374毛驢投江

  江小五才被驢撞了一下,又被京兆尹的衙役給推了一把,氣的臉色發青:「你們這是幹什麼?明搶麼?」

  「對不住了各位。」

  河道領笑嘻嘻向眾人拱了拱手:「這裡的案子本就是京兆尹與河道司雙方承辦的,所有的涉案人員和牲畜自然都該歸我們所有,下官感謝幾位的鼎力相助。」

  「你要不要臉!」

  江小五皺眉啐了一口:「人是我們三小姐最先發現的,驢也是衝著我們來的,讓你們一起救人就推三阻四,搶功就一個頂倆,我就沒見過比你臉皮還厚的人!」

  江小五現在大小也是個正五品的千戶,雖然是個手底下沒有兵的光杆千戶,卻也是一個小小的河道領得罪不起的。

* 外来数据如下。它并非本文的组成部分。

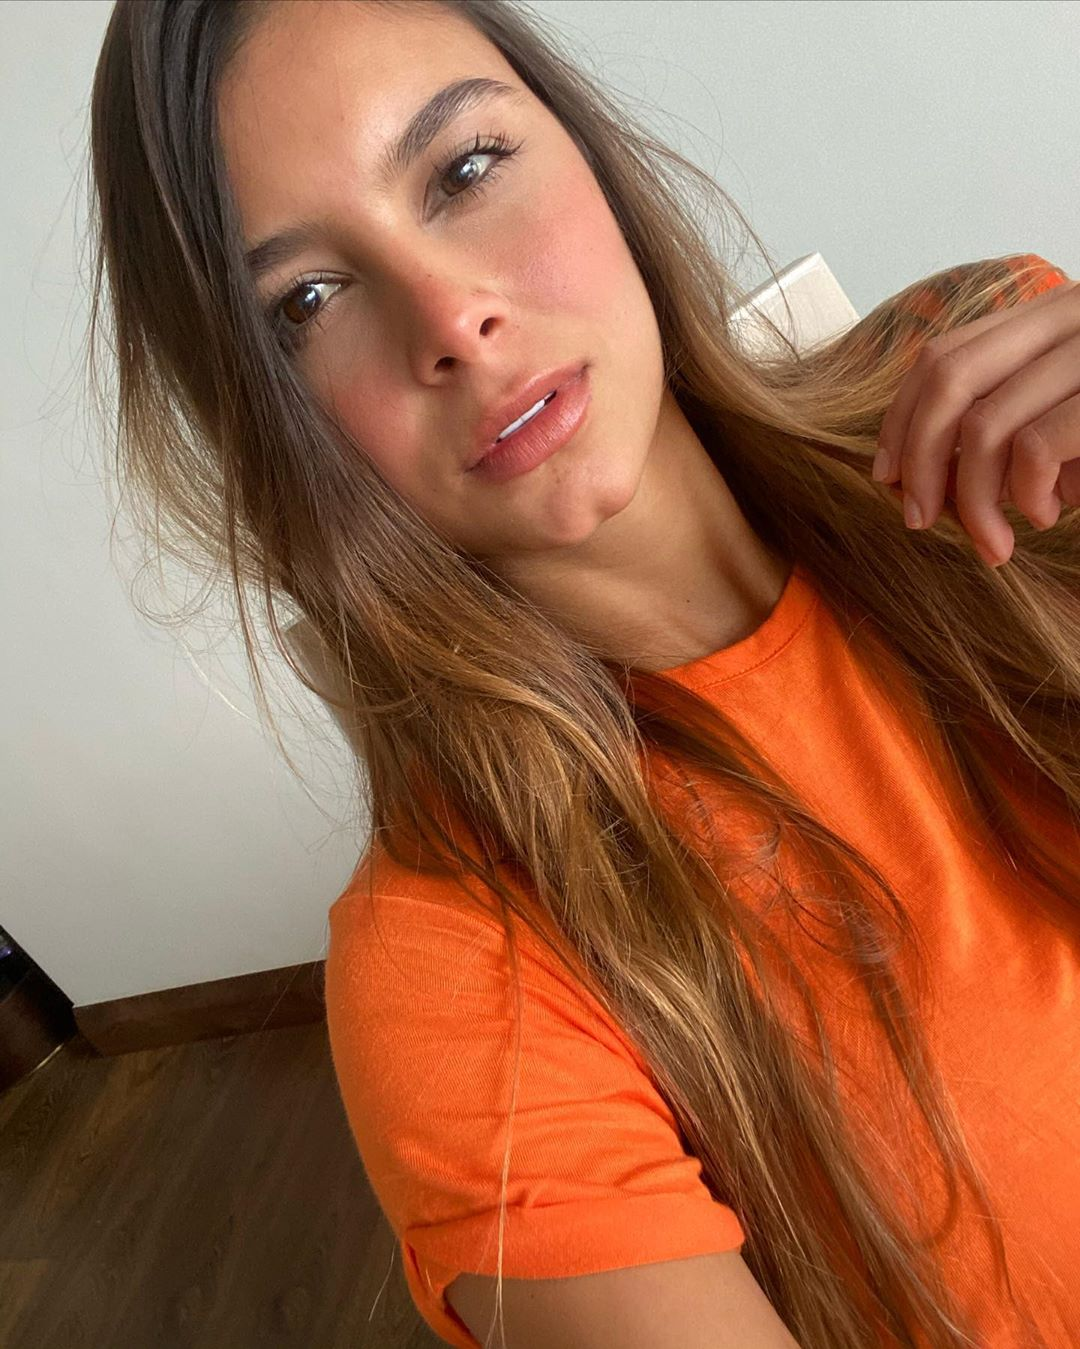 Daniela-Medina-Wallpapers-Insta-FIt-Bio-5
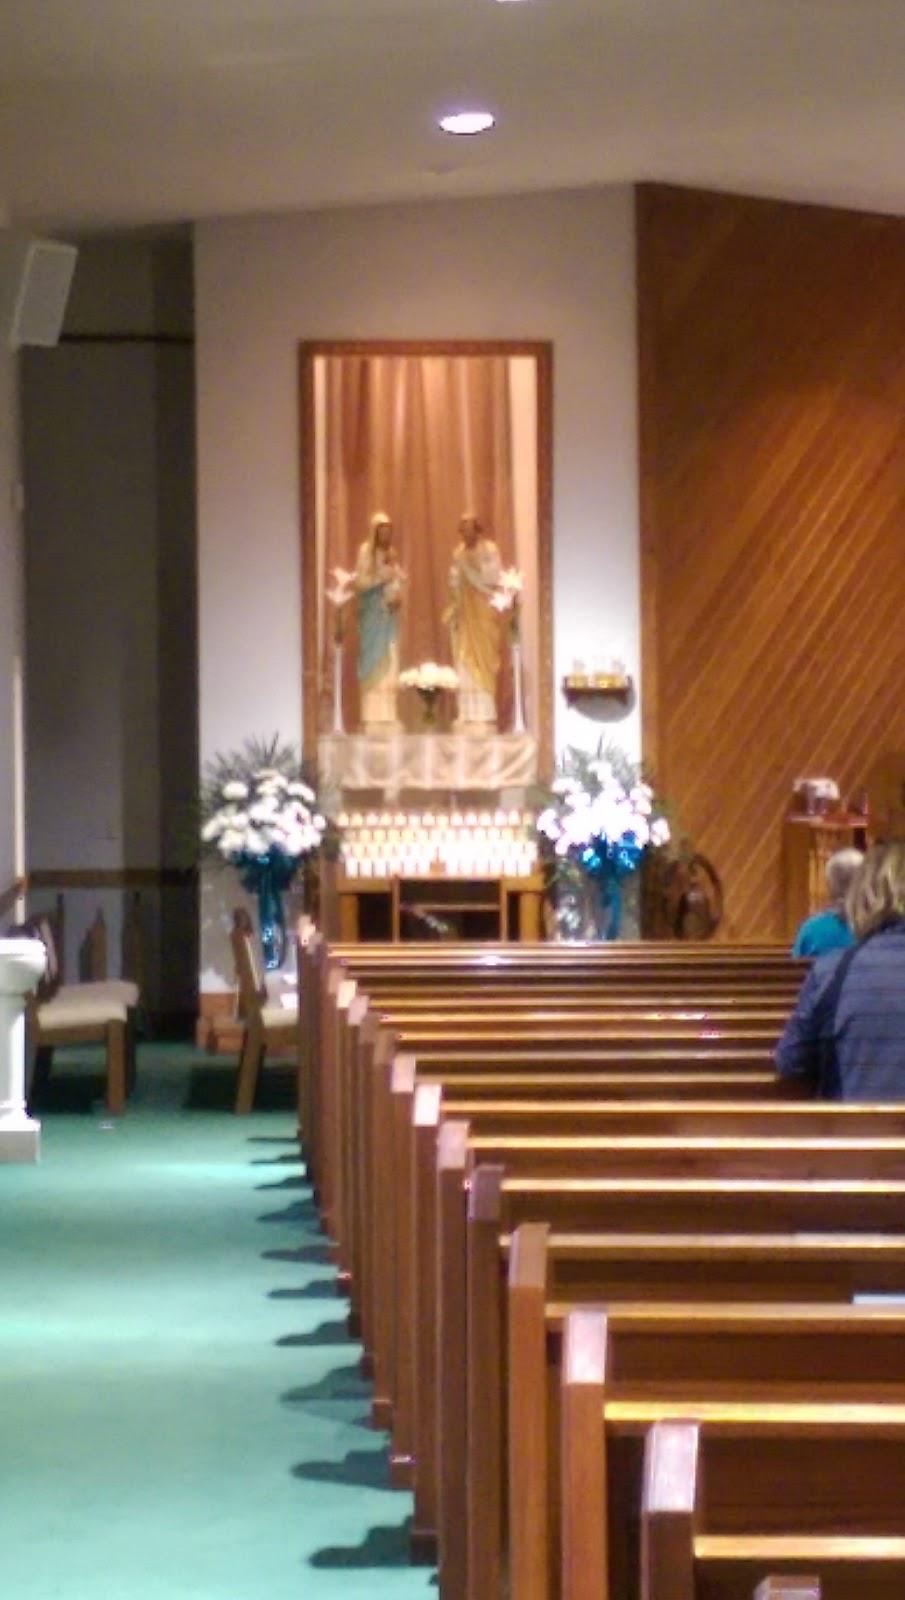 Saint Gregory Barbarigo Catholic Church - church    Photo 3 of 6   Address: 21 Cinder Rd, Garnerville, NY 10923, USA   Phone: (845) 947-1873

  故而他拿出了自己屬於千戶的姿態,罵人的聲音響亮的很。

  河道領面色微變飛快瞧了眼說不出話的京兆尹後,臉上的笑容須臾不見。

  他挺直了腰杆:「京城案件在刑部沒有作出明確劃分之前,統一由京兆尹衙門第一經手這是規定,你們若不服氣只管去上告!」

  荊如意眉心微蹙,若只是個河道溺亡案交給京兆尹也就交了,但……

  這件事情涉及到崔青扇,她勢必要過問。

  「天下大案內督司皆可直接提調審閱,任何辦事衙門必須予以配合不得阻撓。」她沉聲說道:

  「我現在便以內督司總指揮使的身份告知你,這件案子內督司領了。」

  這一回河道領沒有去瞧京兆尹的眼色,因為他自己就從沒有聽說過內督司的名號,已經完全將眼前這幾個當成了騙子。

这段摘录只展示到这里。